Сравнение с тараканом несколько покоробило. Телега, вильнув в грязи, свернула в пролесок, Руха накрыла благодатная тень. Стало полегче. Весенний лес пах особенно: нарождавшейся зеленью, стаявшим снегом, отсыревшим валежником и терпкой смолой. К благоуханию исподволь подмешивался запах настороженный, злой. Запах мертвечины и падали, смерти и разложения, обрывки невнятных мыслей и щемящая волчья тоска.

– Ты чего, Заступа-батюшка? – чутко уловил настроение Федор.

– Заложные рядом, – отозвался Бучила. – Слабые пока, злобой и ненавистью не напитавшиеся, самое время их брать.

– Ага, самое время. – Федор шумно сглотнул. – А какие они, заложные эти?

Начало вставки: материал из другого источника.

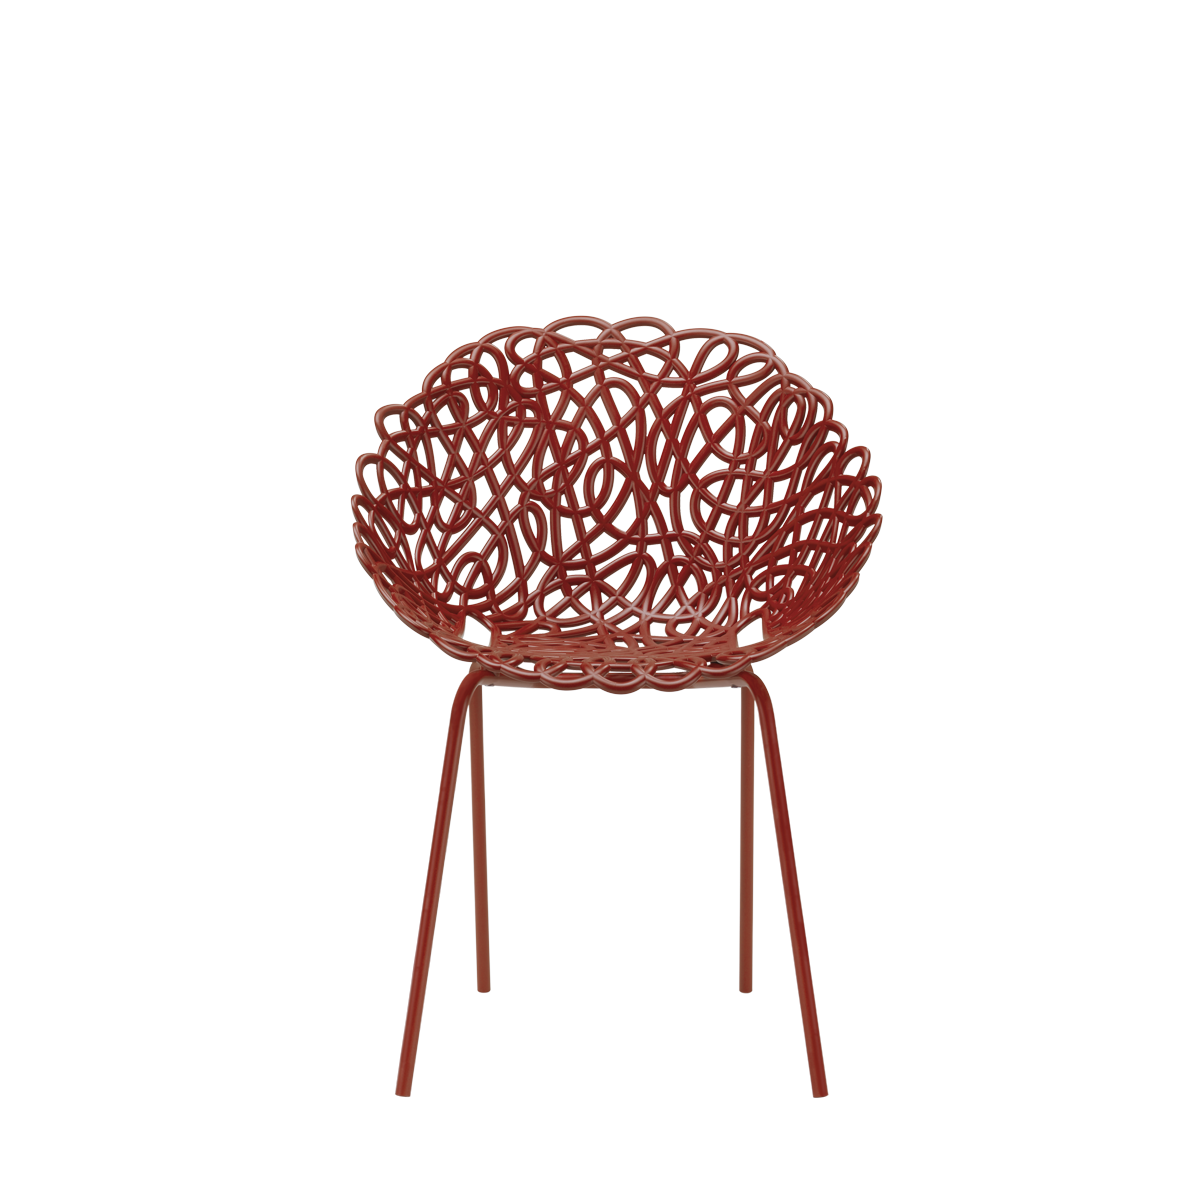 Qeeboo Bacana Chair Outdoor-Set Of 2 Pieces, Versch. Farben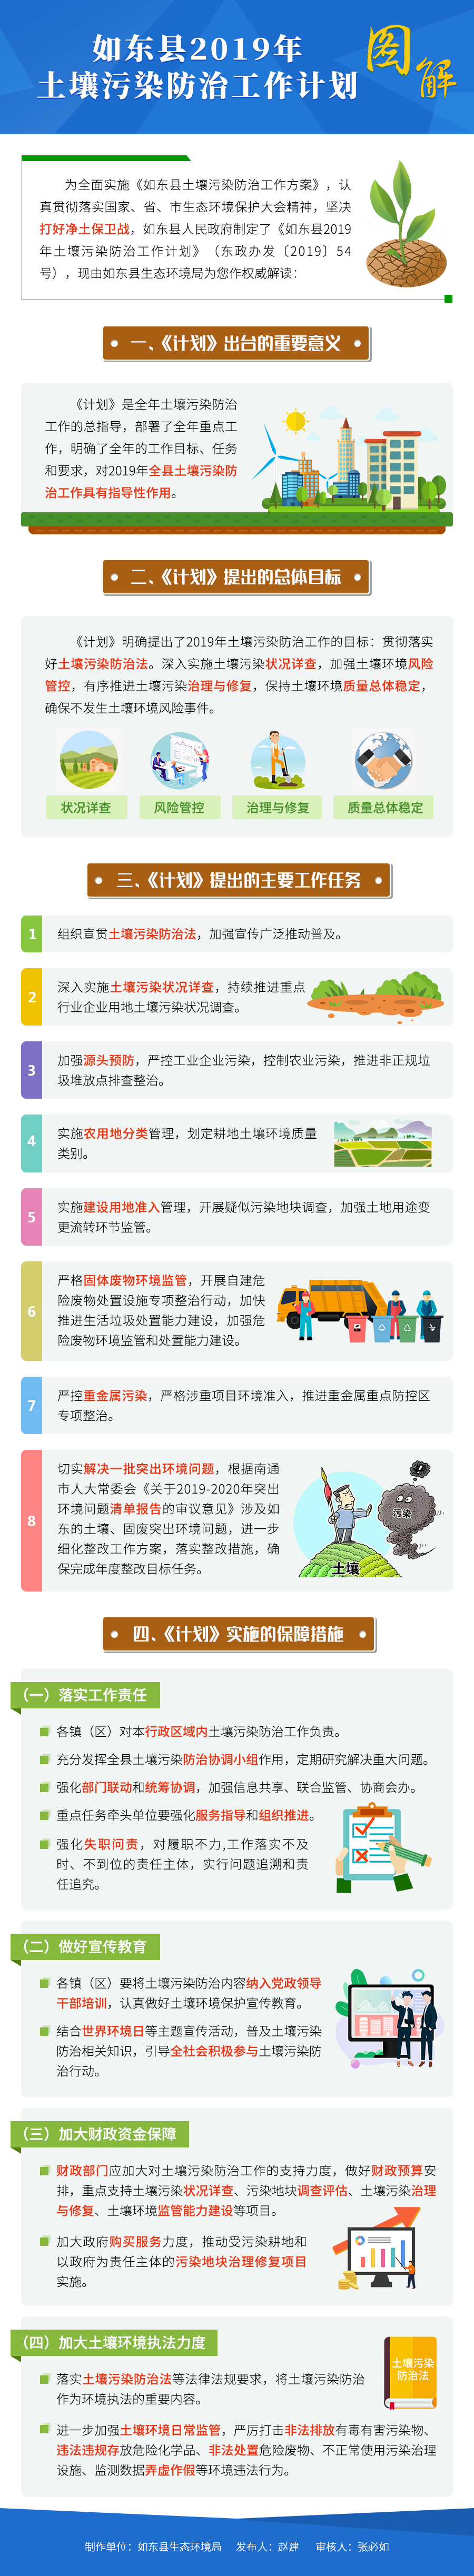 如东县2019年土壤污染防治工作计划图解.png

– Разные. Люди – они и живые разные, и мертвые разные. Не все злые и до крови жадные. Некоторые могут остатки ума сохранить. Речь человечью помнят, мозгой, червем изъеденной, шевелят. Такие самые опасные.

– И чего, любой мертвяк подняться могет?

– Не-а, – мотнул головой Рух. – Только смерть безвременную принявший и посмертного упокоения не получивший. Не отпетые, не похороненные, тихушкой зарезанные, самоубивцы, утопленники да некрещеные. Думаешь, зря раньше трупье сжигали или насыпали курган да каменюку сверху поболе наваливали? Чтобы не выкопался, подлец. Такие дела. А бывает…

– Заступа, – оборвал Федор. – Глянь-ка чего.

На обочине лесной дороги стояли два человека. Один низенький, второй верста коломенская, здоровенный бугай. Оба в черных рясах до пят. Неужто монахи?

Телега, скрипя и вихляясь по колее, подкатила к прохожим. Ну точно, монахи, в душу ети. Скоро в нужник нельзя сходить будет, чтоб со святошей не повстречаться каким. Всюду лезут, как вши. Который пониже оказался горбатеньким щупленьким стариком. Под капюшоном, скрывавшим глаза, проглядывалось сухое, морщинистое, похожее на кору дуба лицо, с длинной окладистой седой бородой. Монах покачивался на нетвердых ногах, опираясь на кривой сучковатый посох.